Upper Germany. The forms of the settlements here follow the same rules noted elsewhere: in the plains villages on the road or compact prevail, while the forms of the farm and the dwelling especially follow the Franconian type: however, there is no lack of isolated residences. In the Bavarian territory, the type of settlement with isolated farms and small mountain centers also extends into the pre-Alpine area. A very old type of house is found in the Black Forest; it is a single building in which the house, the yard and the stable are gathered under a high thatched roof supported by large lateral pillars. This construction undoubtedly developed on a Germanic basis common to the forms of the north and the west; likewise the great Bavarian unitary house, generally spread in the region south of Munich and Augusta, shows the same kinship in the construction of the pillars for the roof, which however is less inclined and is covered by wooden slats held in place by stones. North of the Danube this type of house is part of a Franconian-type farmhouse. In the Bavarian Oberland, Italian influences introduced fresco painting on the walls. In the Alpine villages, especially in Upper Bavaria, the rich farms preserve real precious collections of artistically worked furnishings, wardrobes, chests and carved and painted chests, which, manufactured for the most part in Tölz sull’Isar, were transported far away by river.

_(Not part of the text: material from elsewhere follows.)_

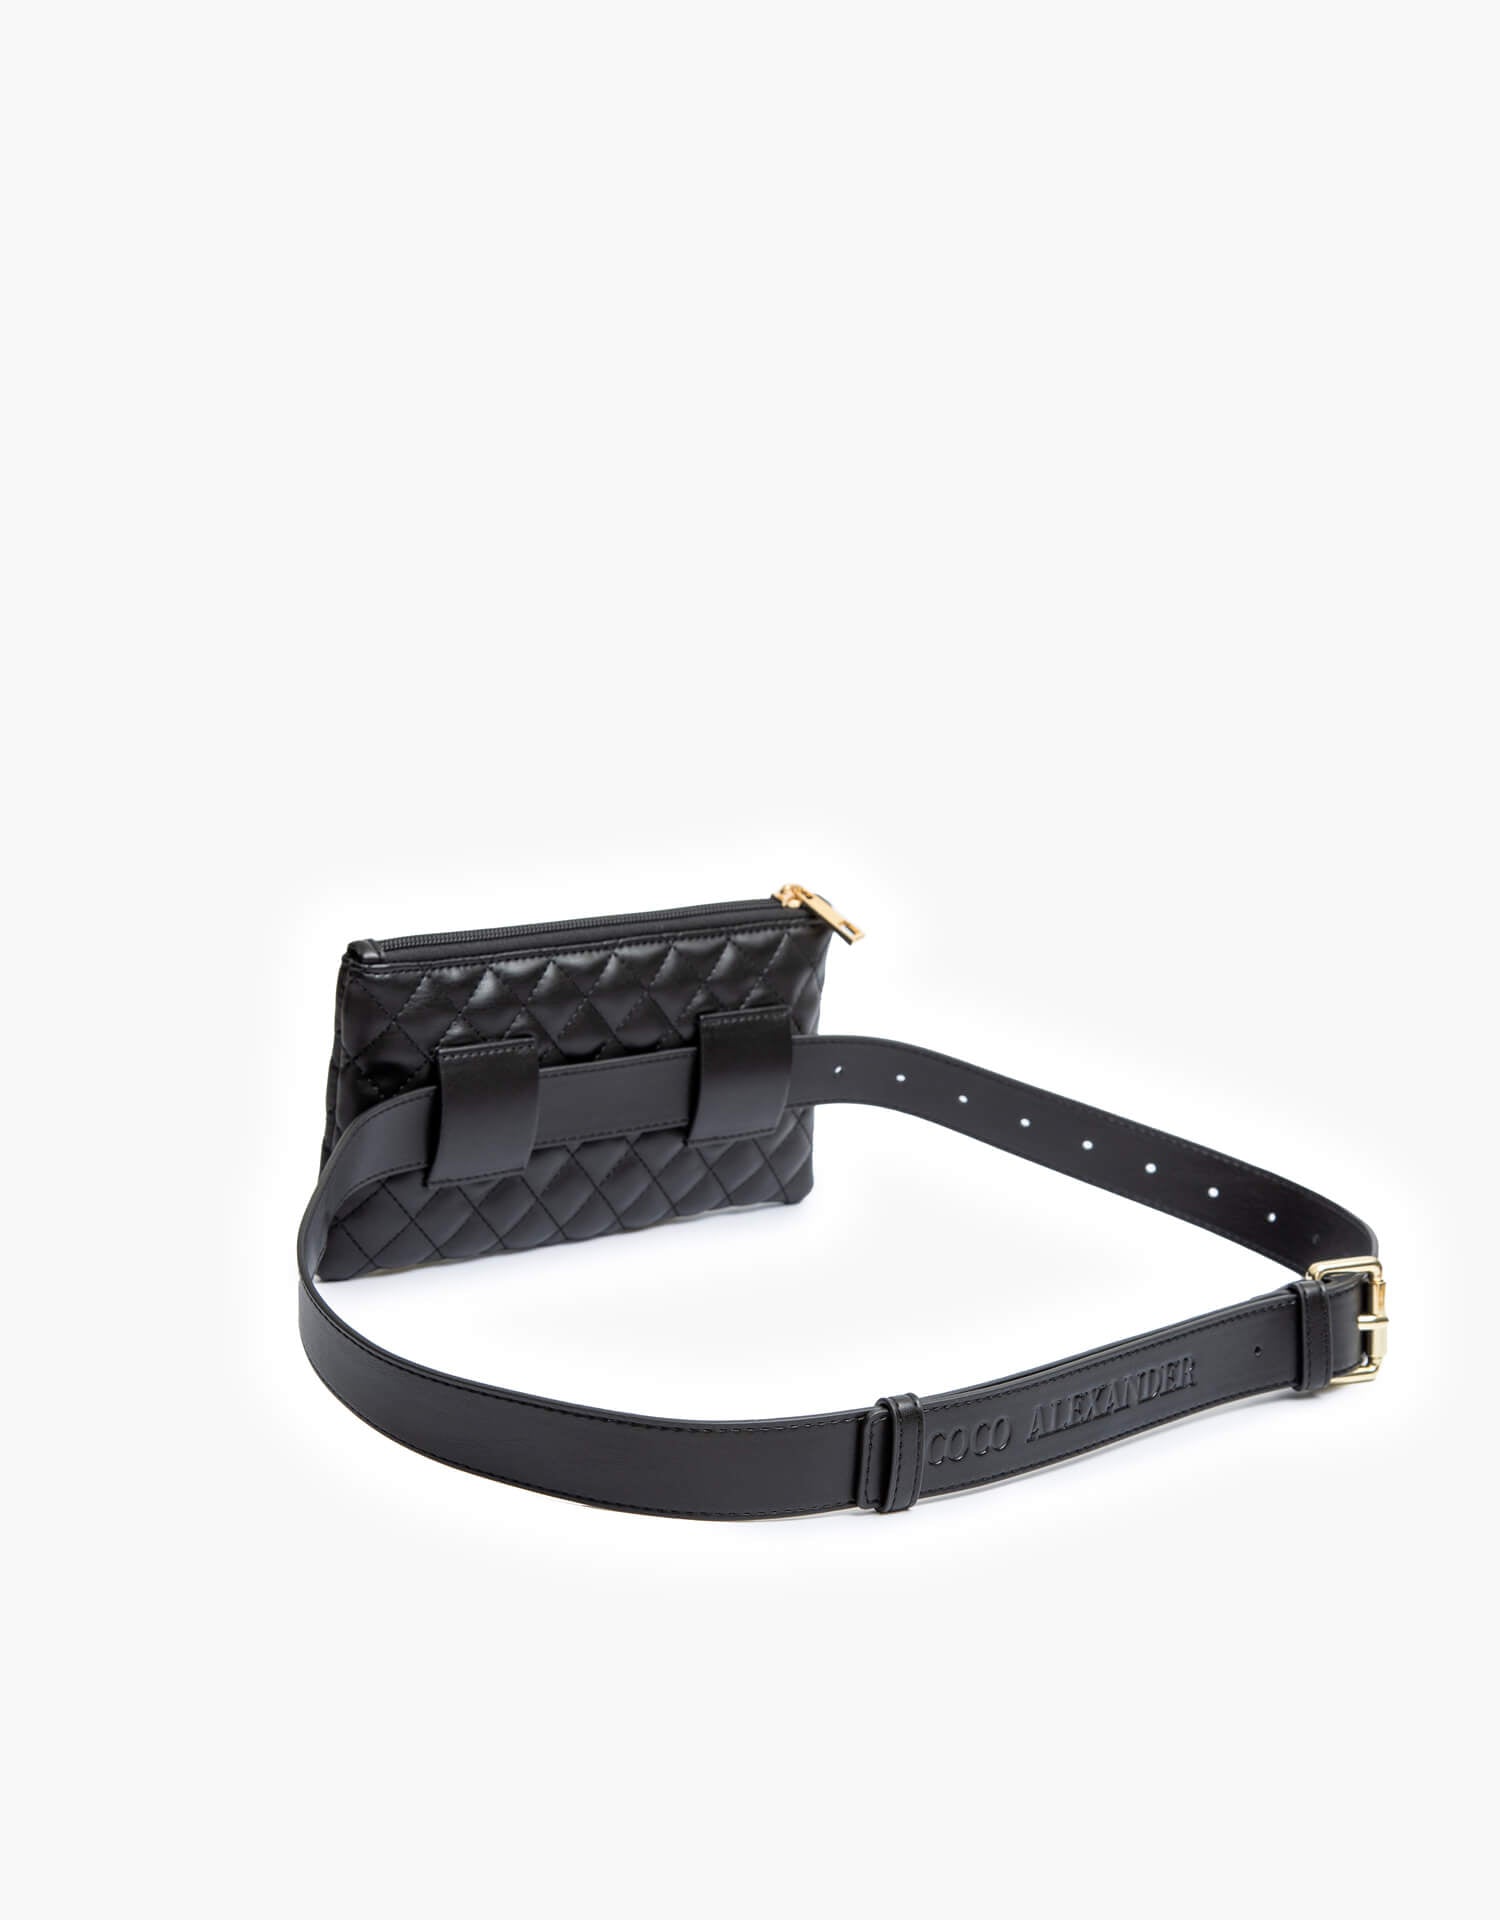 coco alexander mini vegan leather bag with belt strap

Crucifixes, figures of saints, toys, were and are exported from Ammergau and Berchtesgaden throughout Europe and even overseas: in some valleys of this region the old picturesque costumes are still preserved, which are worn in wedding processions and religious solemnities (feast of St. Leonardo). The costume originating from the Lake Schlier region spread to Upper Bavaria and became a kind of Alpine fashion.

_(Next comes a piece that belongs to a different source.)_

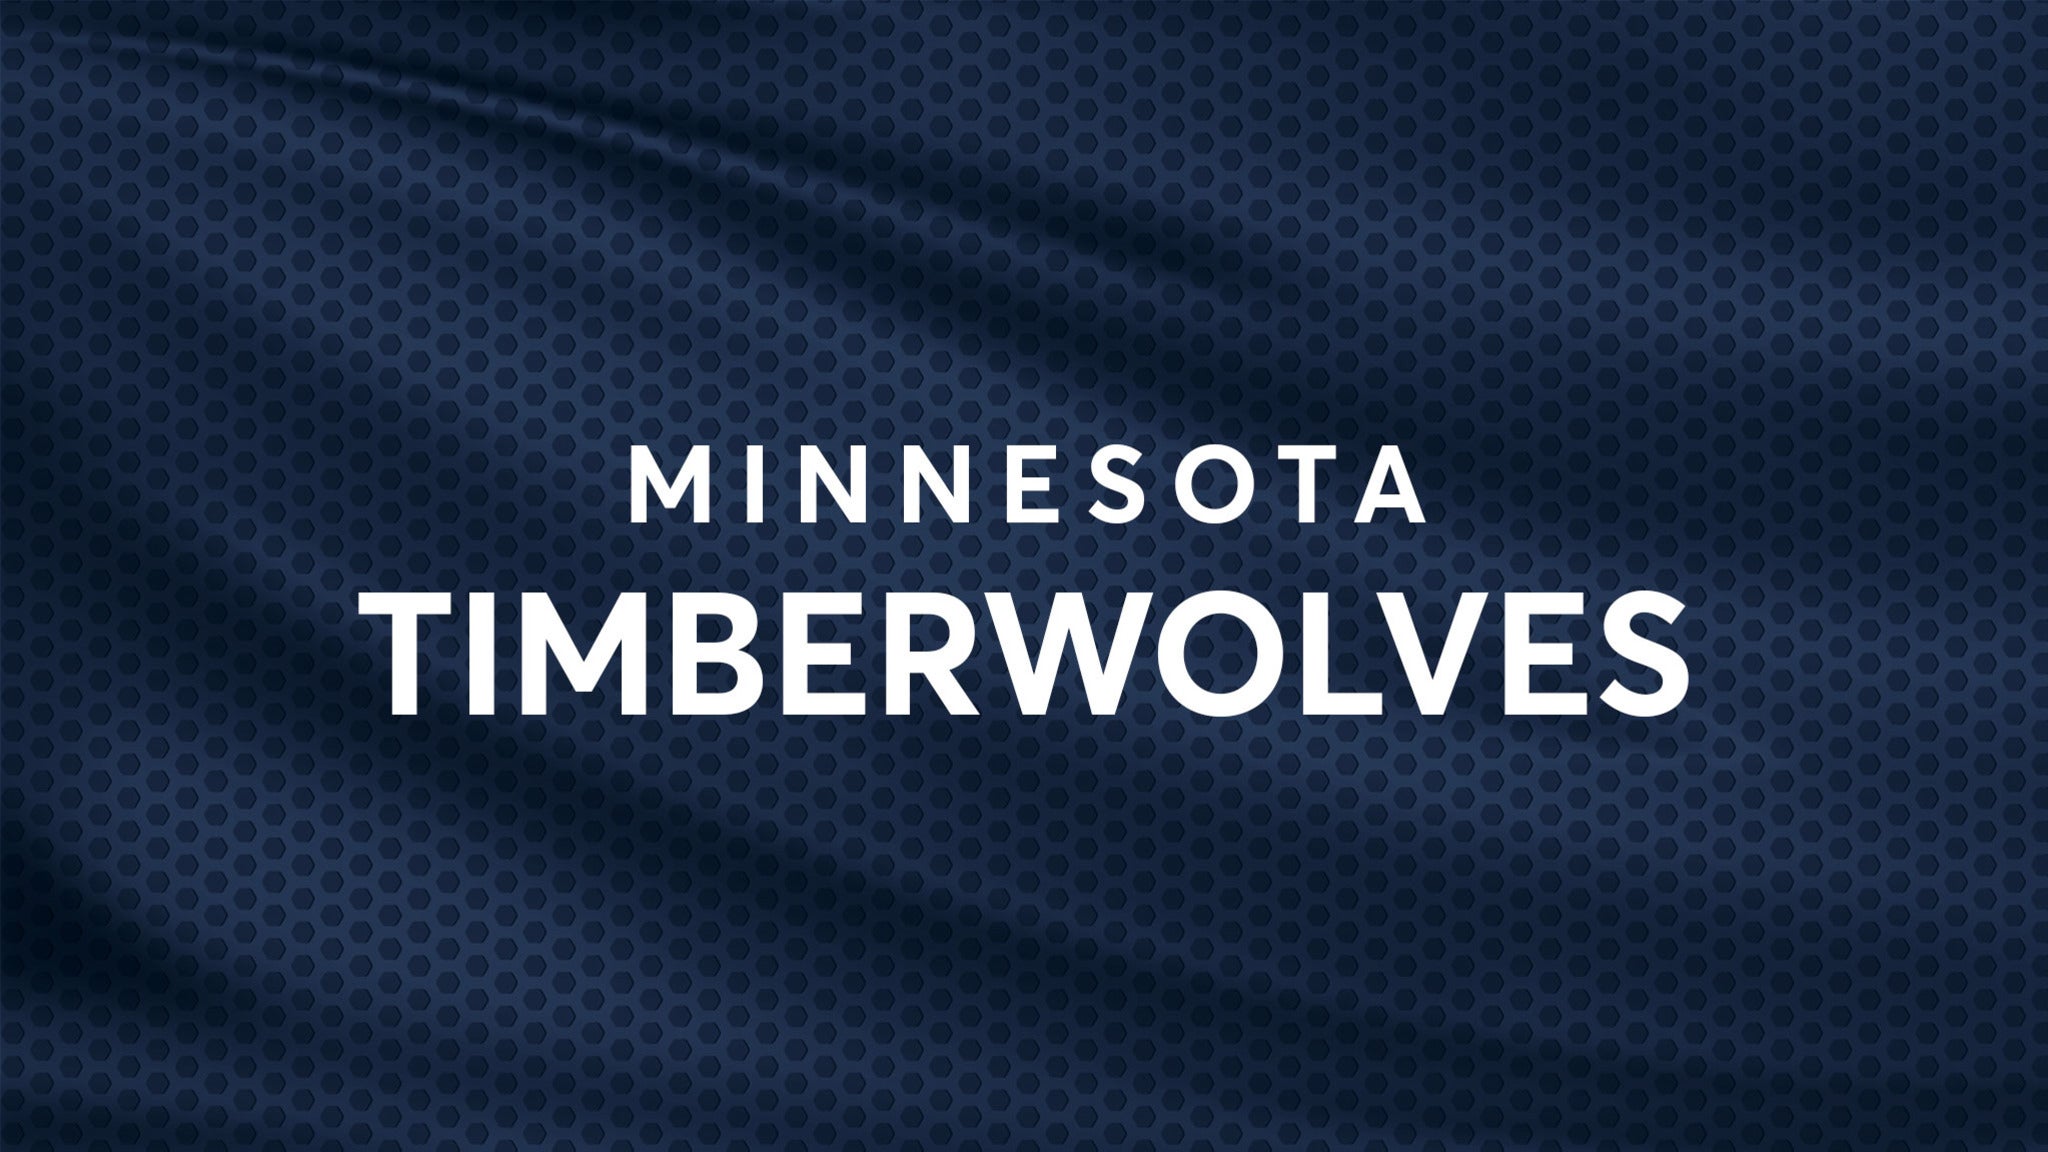 Minnesota Timberwolves vs. Los Angeles Lakers - Minneapolis, MN 55403

Many uses and customs with particular shapes would be to remember for various parts of the country. Southern Germans especially drink beer and eat very dark rye bread; the butter is salted to preserve it; in the West, on the other hand, salted butter is not known, white bread is eaten and wine is preferred to beer. In the Rhine region there is the old custom, in May, of wedding auctions (Maibrautschaft), in which the girls are placed at auction for fun. The custom of carrying the bride’s trousseau on richly decorated carts is quite general. As W. Mannhardt demonstrates, all the customs with annual recurrence belong to a European cycle and are widespread almost without variations throughout the German region: each professional class, however, has its own particularities, such as viticulture, agriculture, pastoralism, fishing. Similar to each other in different parts of these regions are the winter masks, in which the participants disguise themselves as goats and winter is represented by Knecht Ruprecht covered in skins, as well as the corresponding spring rites with a bear wrapped in a singular robe of pea shells. The artistically carved wooden masks for these demon figures are made exclusively by young people from the Alpine territories. Hence the use of the Christmas tree then adopted in almost all of Protestant Germany. The lighting of fires in different eras according to the regions is very widespread. Especially in southern and western Germany the carnival is even more lively than elsewhere; the women have their particular feast there; plows and tree trunks are carried around and on the rivers fishermen and sailors’ festivals are celebrated, recalling the ancient customs. The figuration of winter with a puppet that was destroyed in the

According to religious practices, the Catholic regions of Germany differ essentially from the Protestant ones. In Catholic territories religious art, the carving of cribs, sacred representations are still practiced by the people today: numerous religious pilgrimages and offerings of votive gifts.